The IDF spokesman said “the force spotted a Palestinian who was about to throw a Molotov cocktail” and the soldiers fired “to remove the threat.” This statement is embarrassingly fallacious.

First of all, the eyewitnesses said Arif only shouted at the soldiers out of fear, as he always did when he encountered the military. And whether or not the soldiers could see they were facing a young man with Down syndrome, it was clear that if it had been a firebomb, the soldiers would have arrested Arif after wounding him. But they shot him and got out of there.
A few kilometers from Sa’ir, in Kiryat Arba, the shocking murder of Hallel Yaffa Ariel in her sleep was committed over the weekend. She too was helpless, she too was young and innocent. “How do you mourn a 13-year-old?” her mother shouted out. She’s right. And how do you mourn a young man with Down syndrome? The hearts quivered, the tears poured and the throats choked, both in Kiryat Arba and Sa’ir.
Mahmoud Rafat Badran, a youth of 15, was on his way home with friends a few days ago after a visit to a water park. Israeli soldiers riddled their car with 15 bullets, thinking its passengers had thrown stones on Route 443. Rafat was killed and four of his friends were seriously wounded from the indiscriminate shooting. The army said the firing was “mistaken.”

The Mark family was driving south of Mount Hebron in the West Bank on Friday. Palestinians sprayed their car with 19 bullets, killing the father, Michael, and seriously wounding his wife and two of his children. The first to rush to their aid were Palestinian passersby, one of them a doctor who resuscitated the mother, and a Red Crescent ambulance. Again life was cut short, again tears poured.

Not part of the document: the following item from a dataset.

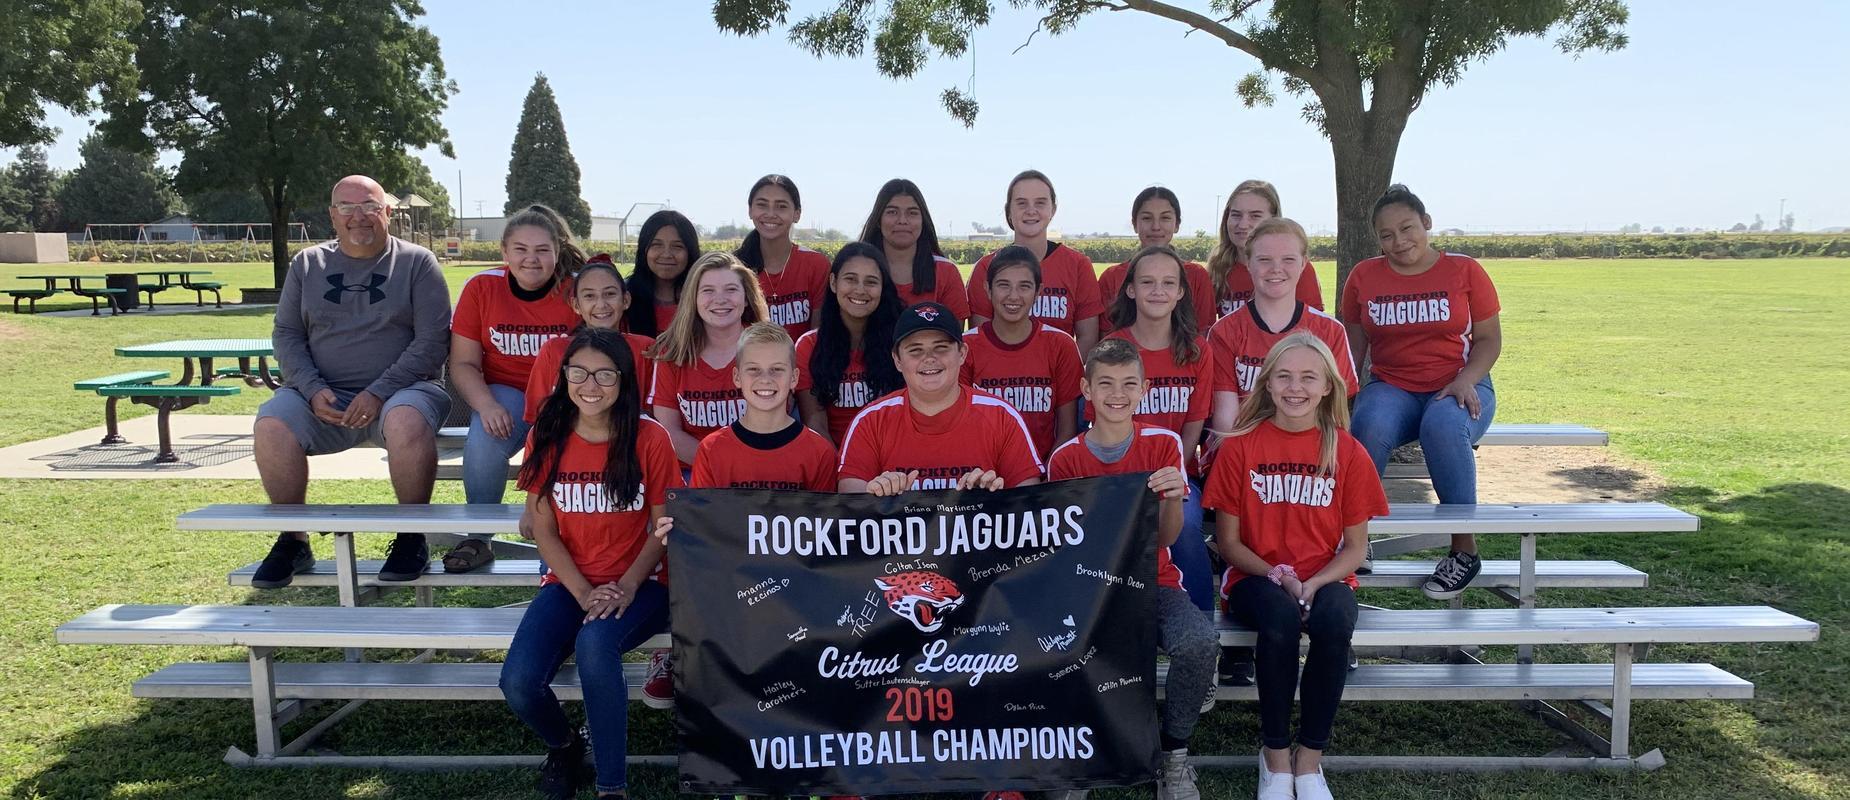 Volleyball team photo.
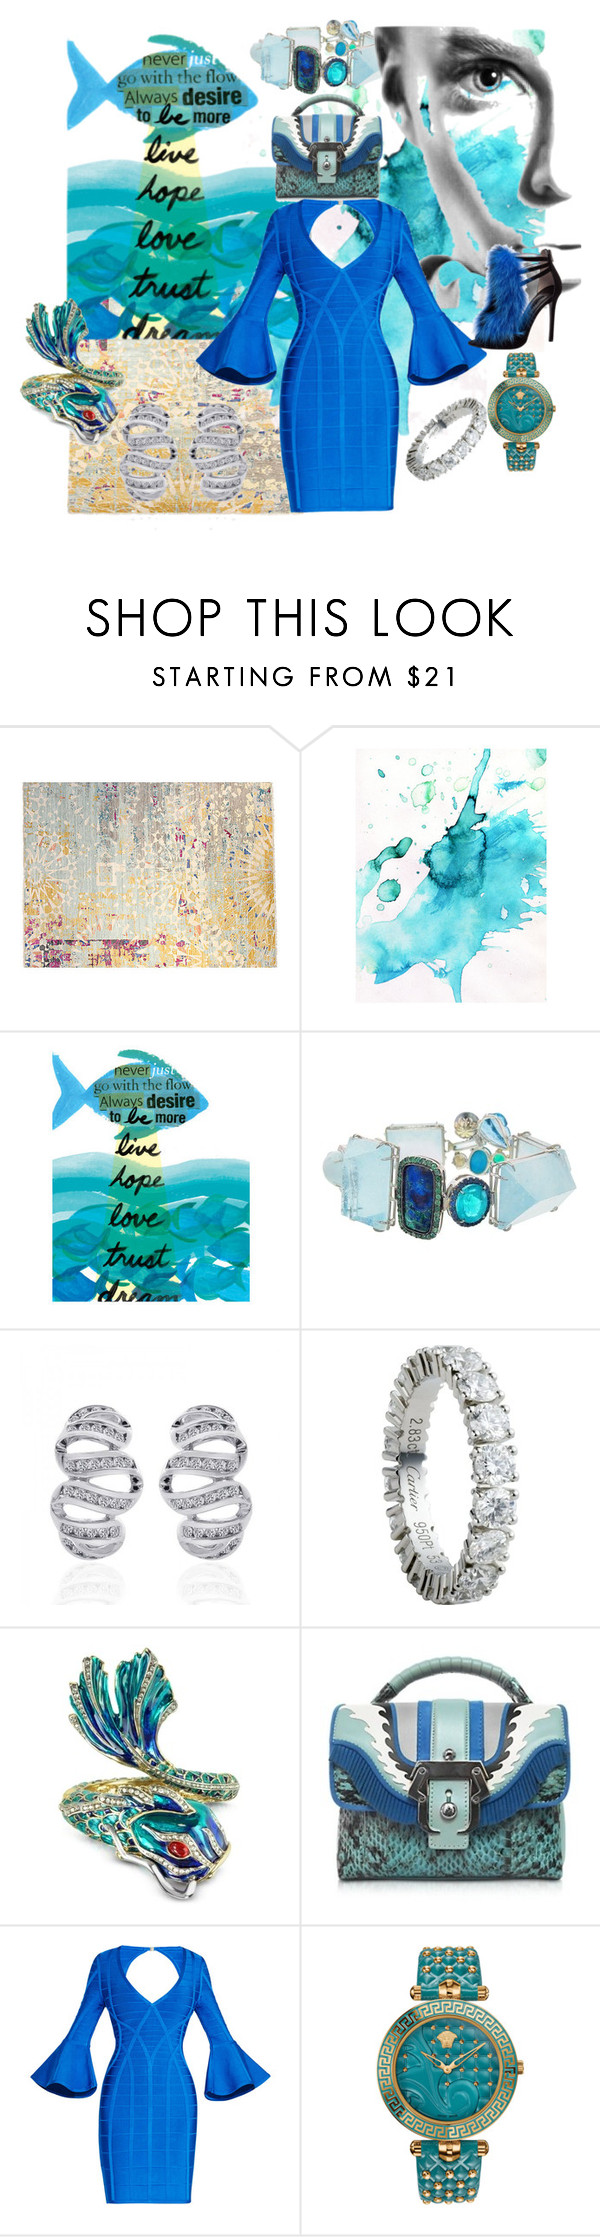 """Ebb and Flow"" by successisbella ❤ liked on Polyvore featuring F.J. Kashanian, Sharon Khazzam, Cartier, Roberto Cavalli, Paula Cademartori, Hervé Léger, Alberto Guardiani and Versace"

Arif Jaradat.Tomer Appelbaum (reproduction)
All these killings are different, yet similar. To most Israelis, these cases can’t be compared. The very mention of similarity moves them to holy fury. But the truth is, a helpless person is a helpless person, whether it’s a girl sleeping in her bed or a young man with Down syndrome. Killing them is heinous.
Riddling a car with bullets is also heinous. True, the Palestinians who fired at the car from Otniel intended to kill its passengers, while the soldiers who fired at the car from Beit Ur al-Tahta said they killed by mistake, but their mistake appears unacceptable.
Fifteen bullets by mistake? They fired indiscriminately at a car without intending to kill the passengers? The Palestinians shoot as part of their resistance to the occupation. The Israelis shoot as part of their resistance to the resistance. The motives are different, the results identical and horrendous, even if many more Palestinians are killed.
Most Israelis live in denial as a result of the brainwashing they’re subjected to. Terror exists only on the Palestinian side, only they act with brutality and inhumanity. The parallel reality is hidden from the eye – whoever heard about the killing of the helpless young man from Sa’ir? What’s worse, there’s no willingness to consider the incident from the Palestinian point of view.
Behind all this hides the most deeply rooted assumption in Israel – that the Palestinians aren’t human beings like us. Their blood isn’t our blood, spilling their blood isn’t as bad as our blood being spilled.
The day more Israelis are willing to compare the killing of Arif Jaradat to the killing of Hallel Yaffa Ariel, the day more Israelis recognize the injustice and crimes their country is committing, the first step will be taken to reduce the bloodshed. Until then, it will go on. Nothing will stop it.